Trassi un paio di respiri profondi, cercavo di controllare l'ansia, l'angoscia, la cupa paura di essere scoperto, di essere cacciato, rintracciato, imprigionato, "rieducato".
- Ma cosa ti dice il cervello? COSA!? - ringhiai, sbattendomi un pugno sul cranio.
La rabbia era tale che sentivo il violento bisogno di aprirmi la testa, martellarmi la scatola cranica fino a sfondarla e cercare quell'essere tra la tiepida materia grigia fino ad estrarlo. Lo immaginavo tra le mie dita muoversi, agitarsi, cercare in qualche maniera di scappare finché la mia morsa non si faceva abbastanza forte da farlo esplodere in una poltiglia biancastra. Ecco cosa era diventato, il Grillo, un grumo di materia biancastra, purulenta, poco più che un brufolo fetido da estirpare.
Rimasi immobile per qualche minuto, le lacrime agli occhi, una patina di sudore freddo, gelido, su tutto il corpo.
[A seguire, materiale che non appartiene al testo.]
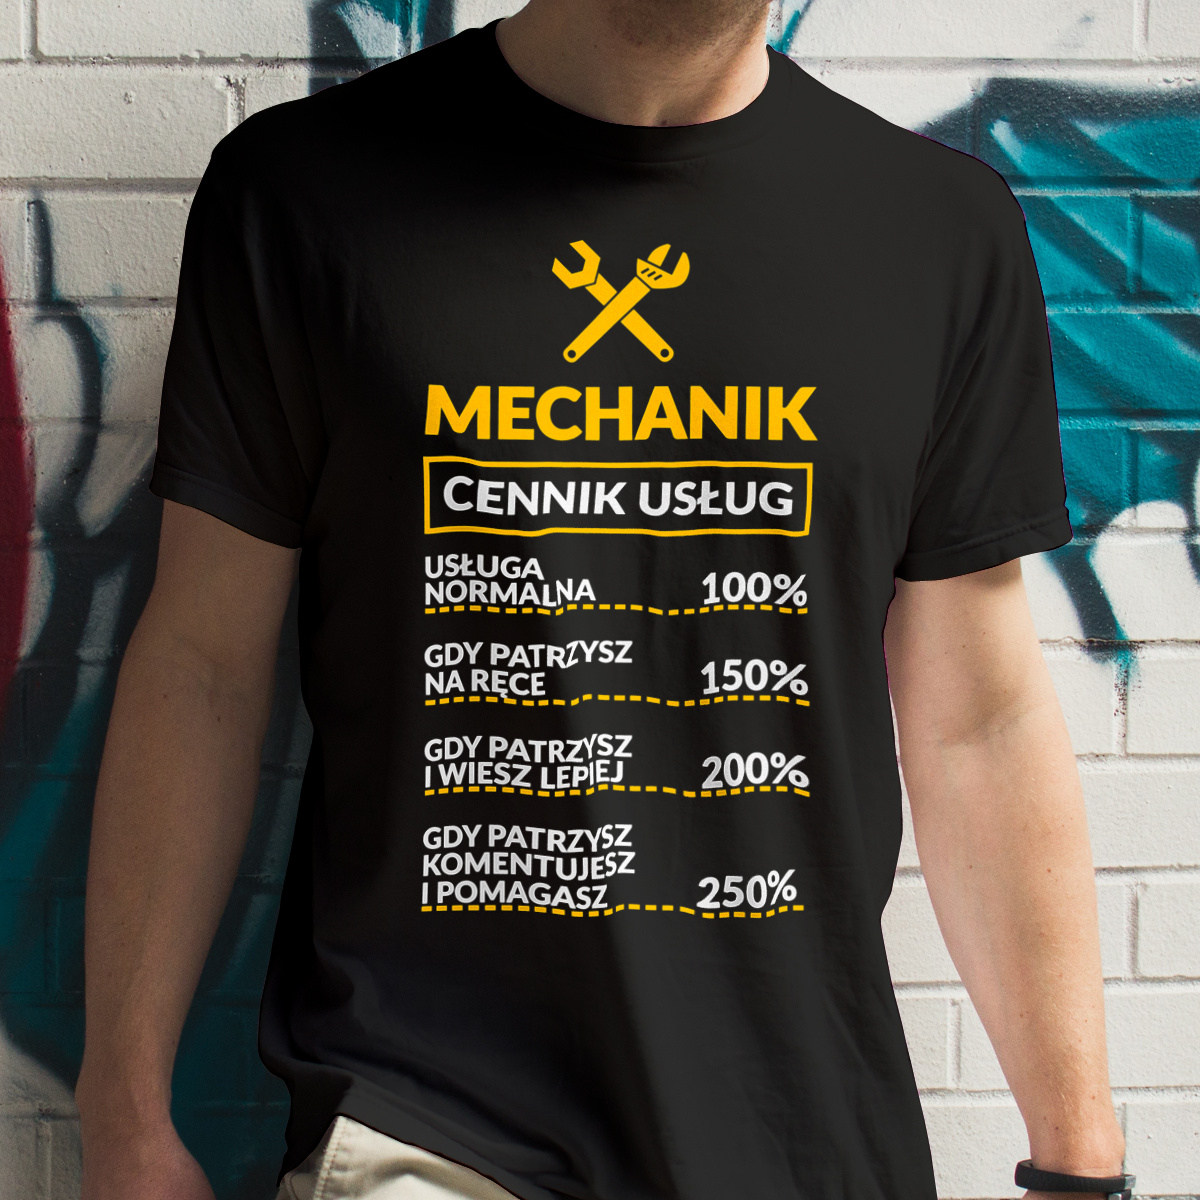 Mechanik - Cennik Usług - Męska Koszulka Czarna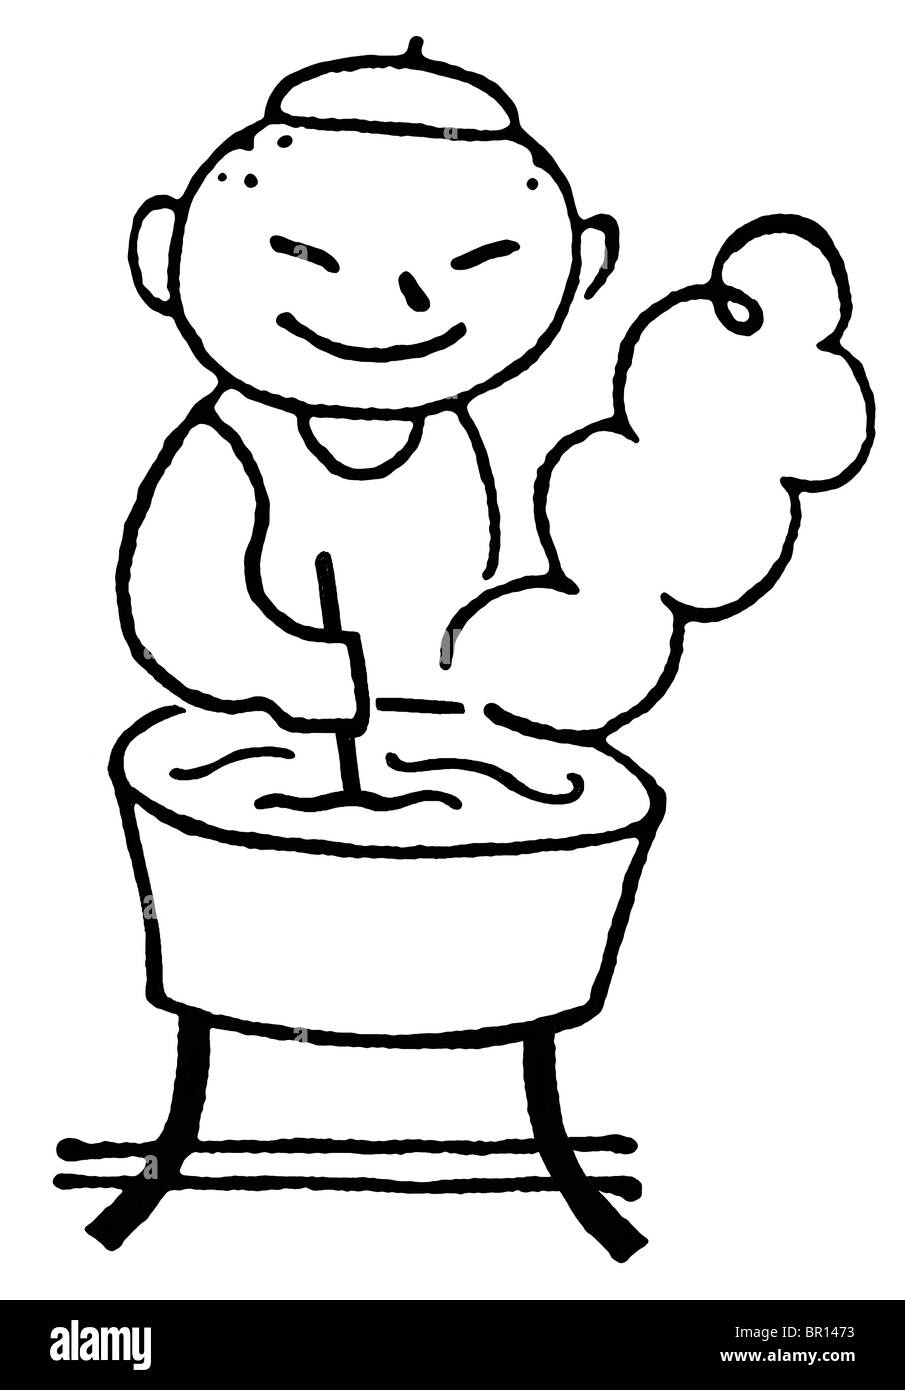 Eine schwarz-weiß Version von einem Cartoon-Stil eines Mannes, die Wäsche von hand zeichnen Stockfoto

Dovevo fare qualcosa, ma cosa?
La mia mente viaggiava attraverso vari scenari, avrei dovuto eliminare Medinda e tutti gli altri? Ma quanti erano? A quanti potevano averlo detto in quelle poche ore?
Nonostante la mia rabbia e le immagini violente che essa doveva proiettare anche sul Grillo, questi rideva ancora più forte, con ancora più scherno, istigandomi quasi.
- Ti stai ammazzando di risate, eh maledetto? - domandai. - Mi hai incastrato con la merda fino al collo e ora ti ammazzi dalle risate, bastardo.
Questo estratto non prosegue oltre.